С годами в его поведении становилось все больше странностей. Его
знакомые всерьез опасались, не повредился ли он и в самом деле слегка
рассудком. После того, как первый шок от расправы начал проходить, Чаадаев
стал как-то свыкаться со своей оригинальной ролью человека, официально
признанного безумцем: по свидетельству мемуариста, он даже иногда "не без
удовольствия" говаривал: "мое блестящее безумие" ("mon illustre demenee").

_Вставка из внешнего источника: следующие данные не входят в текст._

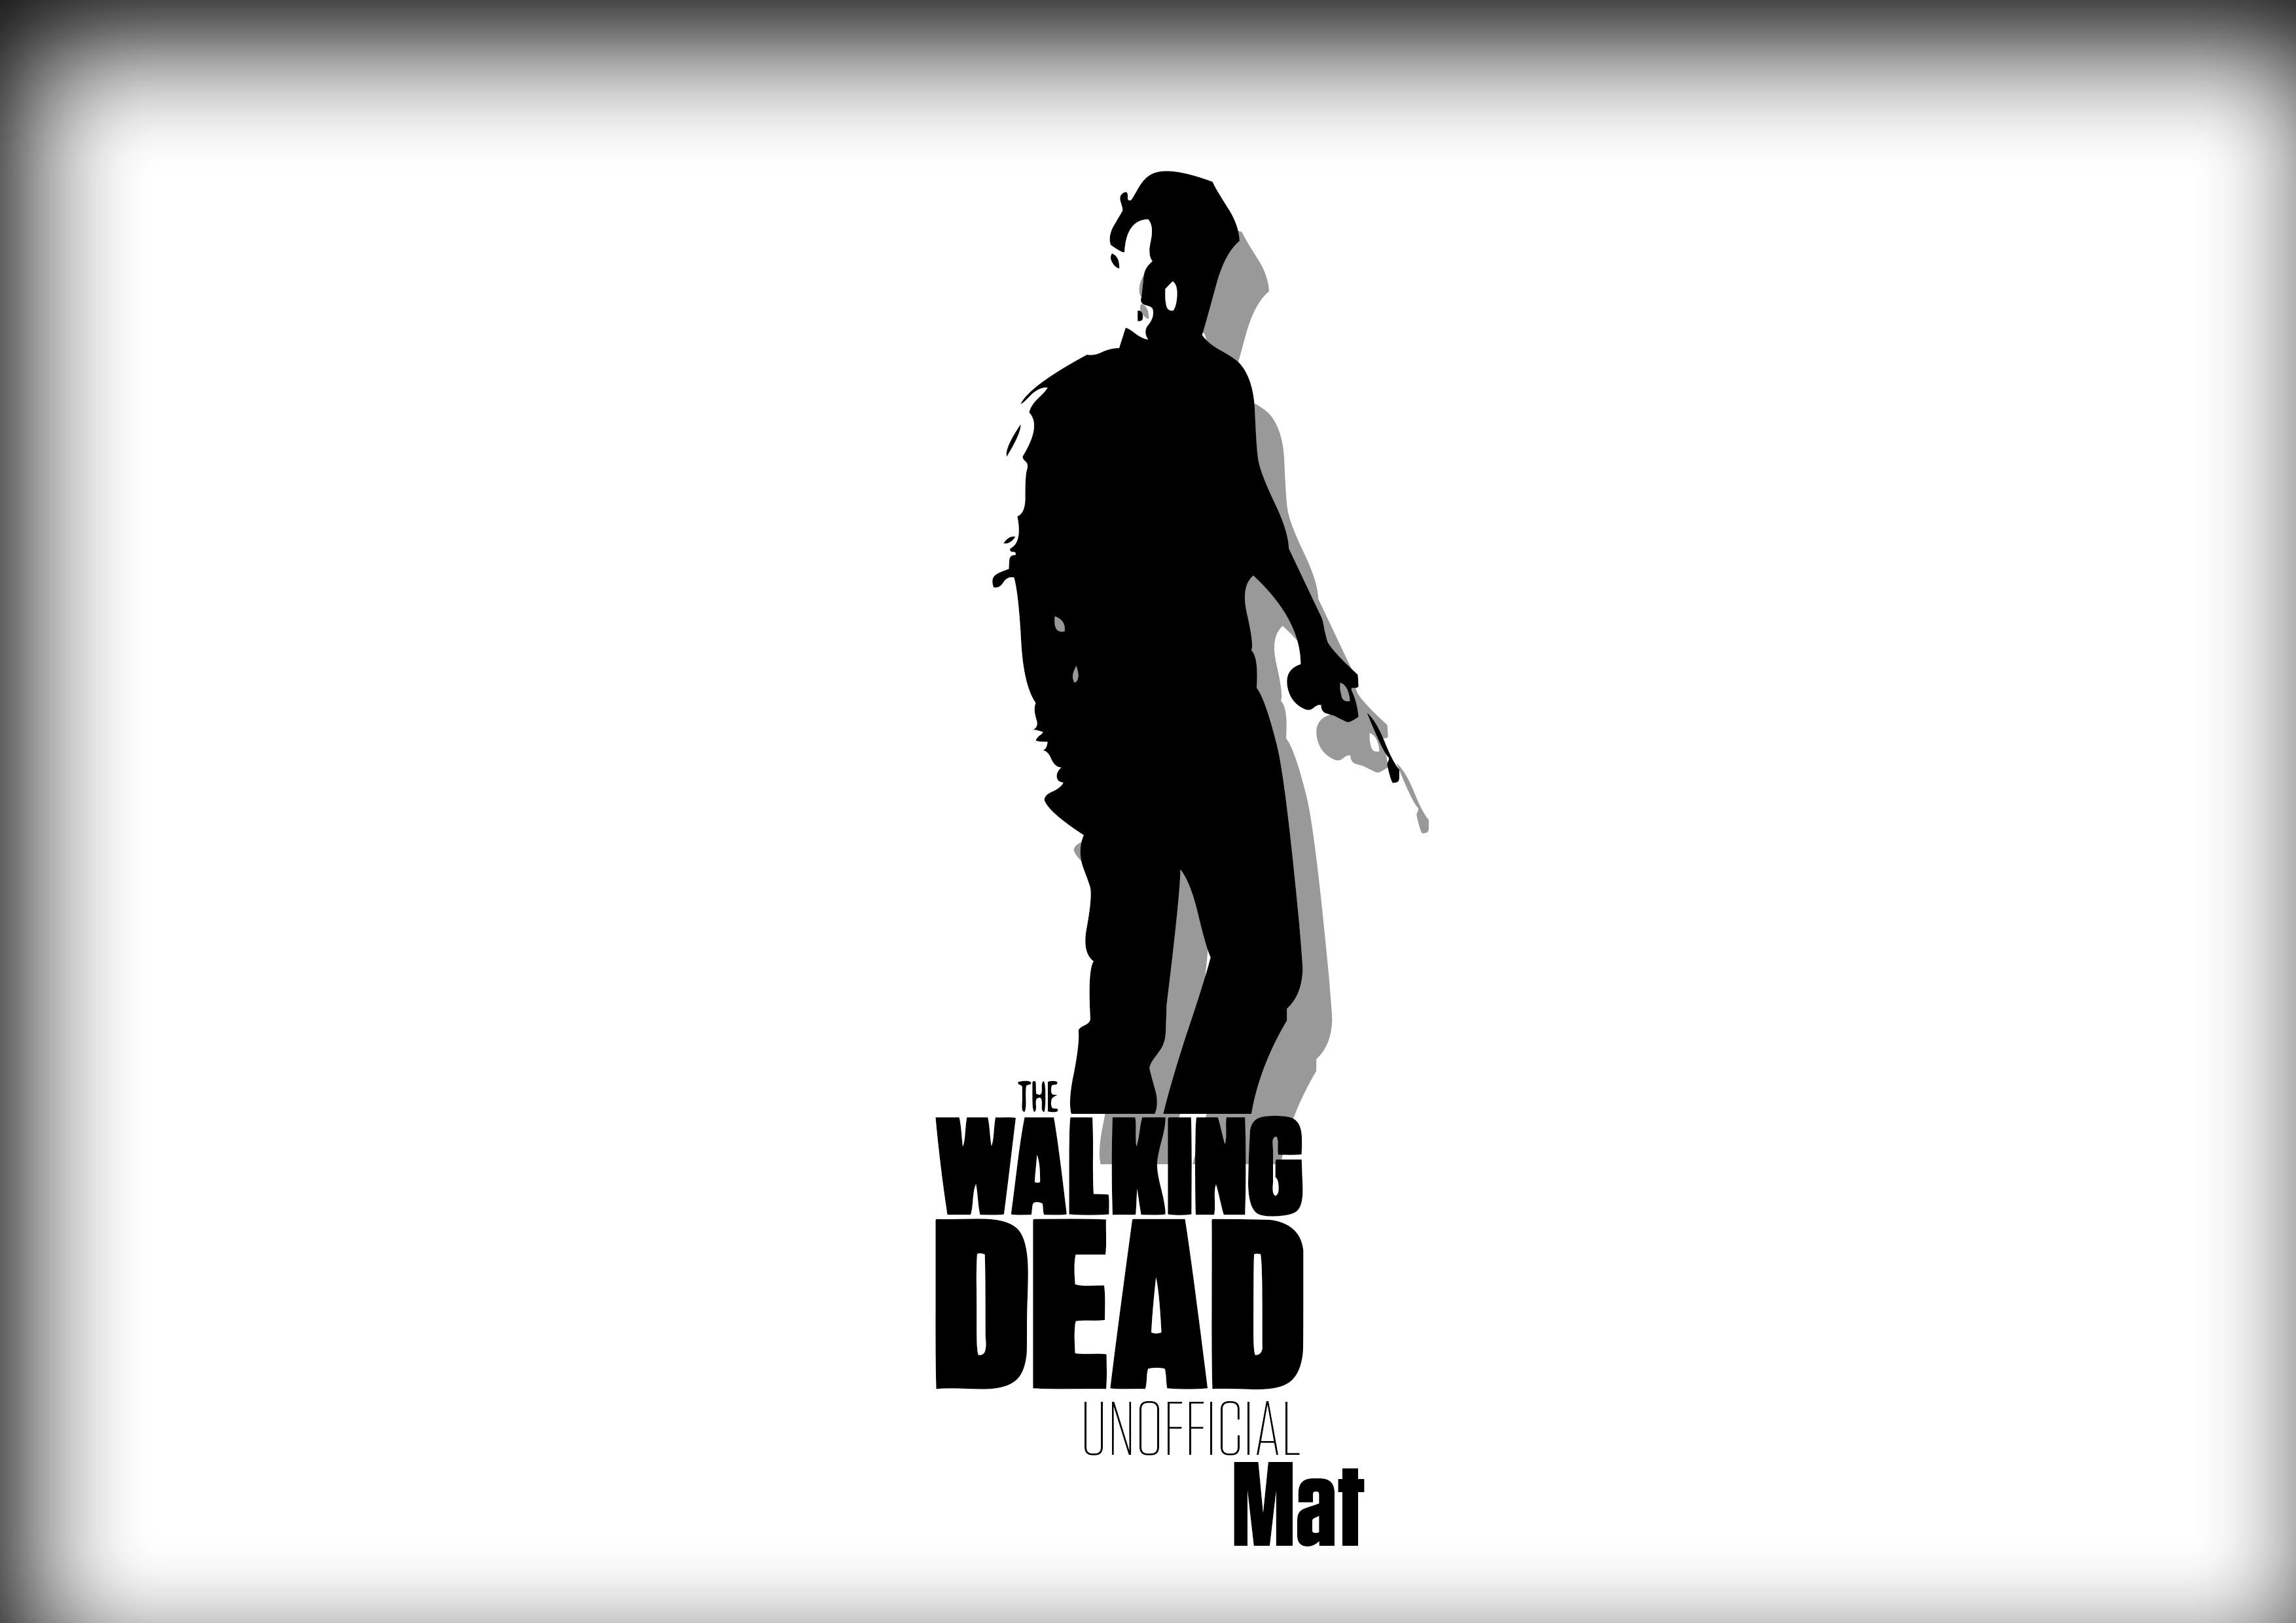 3508x2480 Wallpaper Illustration, Silhouette, Text, The Walking Dead

Какое-то время Чаадаев провел, полностью замкнувшись в себе, уйдя в свою
скорлупу; но потом он стал и появляться в обществе, поражая своих
собеседников безукоризненной аристократичностью манер и той тщательностью, с
которой он следил за своей внешностью. Один иностранный граф даже заметил
как-то, что Чаадаева следовало бы заставить разъезжать по Европе, чтобы
показать европейцам "un russe parfaitement comme il faut" ("совершенно
комильфотного русского"). Психологическая травма, перенесенная Чаадаевым,
однако, не прошла для него даром: в его поведении появилась какая-то
жутковатая мертвенность, отчужденность. От него как будто веяло холодом. Его
бледное лицо казалось совершенно неподвижным, как высеченное из мрамора.

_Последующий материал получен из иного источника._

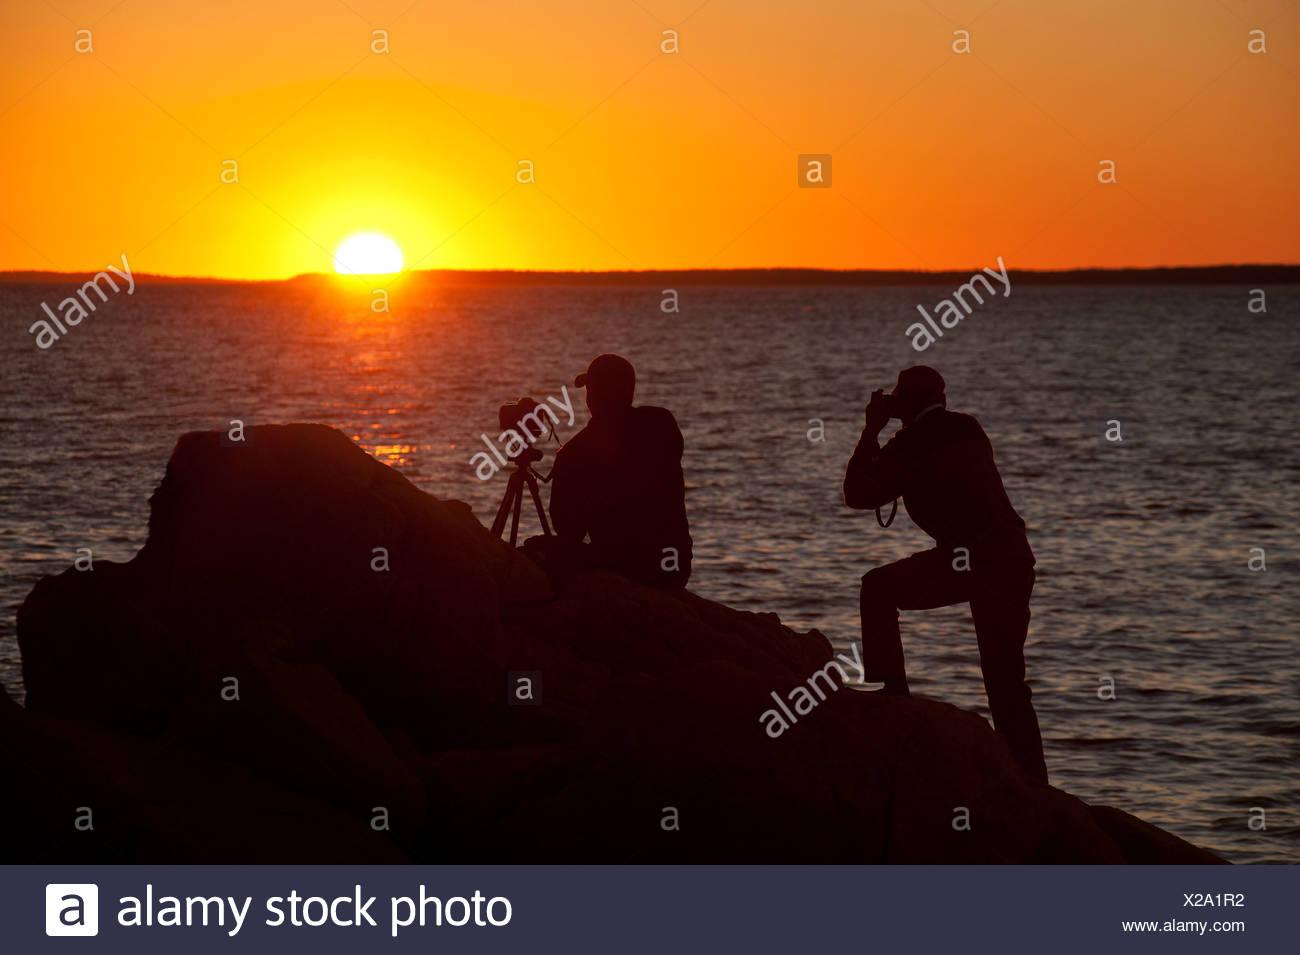 Los fotógrafos disparar atardecer costero. Foto de stock

Многих, от Тютчева до Бердяева, восхищал "резко очерченный профиль"
Чаадаева; но его современников он скорее отпугивал. Скрестив руки на груди,
мыслитель с холодным и равнодушным видом стоял где-нибудь в театре, салоне
или клубе, резко выделяясь на фоне окружавшей его мишурной и суетной толпы.

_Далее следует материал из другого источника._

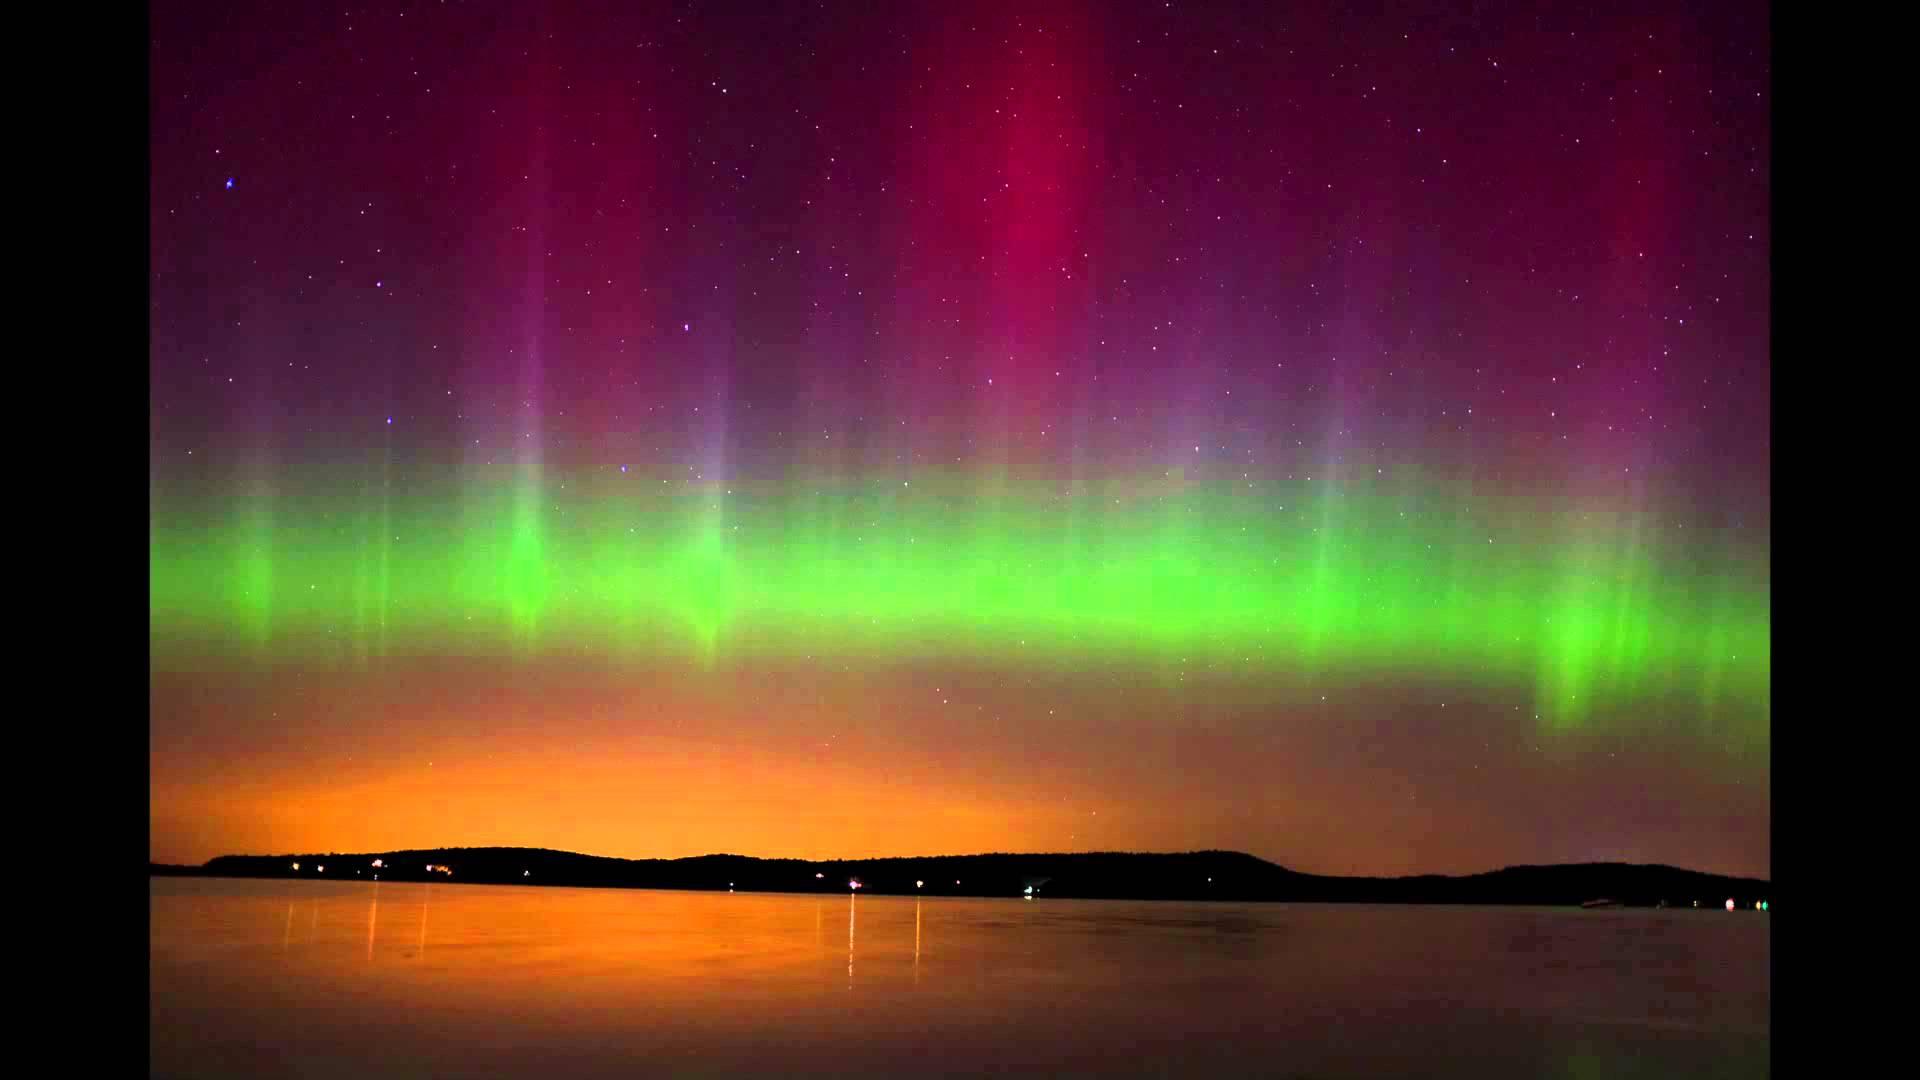 Northern Lights (Aurora Borealis) in Malletts Bay, Vermont on 10/8/2013

Рядом с ним многим становилось не по себе; но вместе с тем и что-то влекло к
нему современников. В его домашнем кабинете на Старой Басманной толпились
генералы и вельможи, модные дамы и важные чиновники, приехавшие из
Петербурга; здесь же, у Чаадаева, славянофил Самарин знакомится с Хомяковым
и Иваном Киреевским. Уже самим своим существованием первый русский философ
мощно влиял на культурный ландшафт своей родины.
3
Горестная мысль Чаадаева, отчаяние, выраженное им в его "Письмах",
остались почти незамеченными современниками, больно уязвленными его
обвинениями. Между тем мотивы, двигавшие Чаадаевым, были чрезвычайно глубоки
и совсем не являлись чем-то случайным и беспочвенным. Чаадаев оказался здесь
первооткрывателем, и, обрушив на свою голову весь поток ненависти по этому
поводу, он тем самым дал возможность своим продолжателям произносить еще
более "горькие истины", но уже без таких ужасных последствий. И эти
продолжатели не замедлили появиться. Зрелое творчество Лермонтова (несмотря
на то, что по своим воззрениям поэт был близок скорее к славянофилам) часто
выглядит чуть ли не как стихотворный вариант работ Чаадаева. Это не значит,
что Лермонтов перекладывал русскими стихами французскую публицистику
Чаадаева; просто творчество поэта и мыслителя питал некий общий идейный
корень. Правда, стихи Лермонтова никогда не вызывали такого яростного
возмущения, которое досталось Чаадаеву; прекрасная поэтическая форма, в
которую были облечены его идеи, скрадывала их горечь, подслащивала оболочку.
В бумагах Лермонтова сохранился фрагмент стихотворения, начало которого
утрачено. По одному из предположений, оно посвящено Чаадаеву:
Великий муж! здесь нет награды,
Достойной доблести твоей!
Ее на небе сыщут взгляды
И не найдут среди людей.
Но беспристрастное преданье
Твой славный подвиг сохранит,
И, услыхав твое названье,
Твой сын душою закипит.
Свершит блистательную тризну
Потомок поздний над тобой
И с непритворною слезой
Промолвит: "Он любил отчизну!"
Лермонтов и Чаадаев виделись только однажды, когда они оба
присутствовали на именинном обеде в честь Гоголя в Москве. Но в их
творчестве оказалось больше сближений, чем в жизни. Знаменитая "Дума"
Лермонтова появилась в печати в 1839 году, и произвела, пожалуй, не меньшее
впечатление в России, чем "Письмо" Чаадаева, вышедшее тремя годами раньше.
Отчаяние Лермонтова было, наверное, еще более глубоким и безнадежным, чем
скорбь Чаадаева. Мрачная пропасть, разверзшаяся перед мысленным взором этих
двух русских авторов, имела одно и тоже происхождение, но во времена
Лермонтова положение дел стало выглядеть окончательно безысходным.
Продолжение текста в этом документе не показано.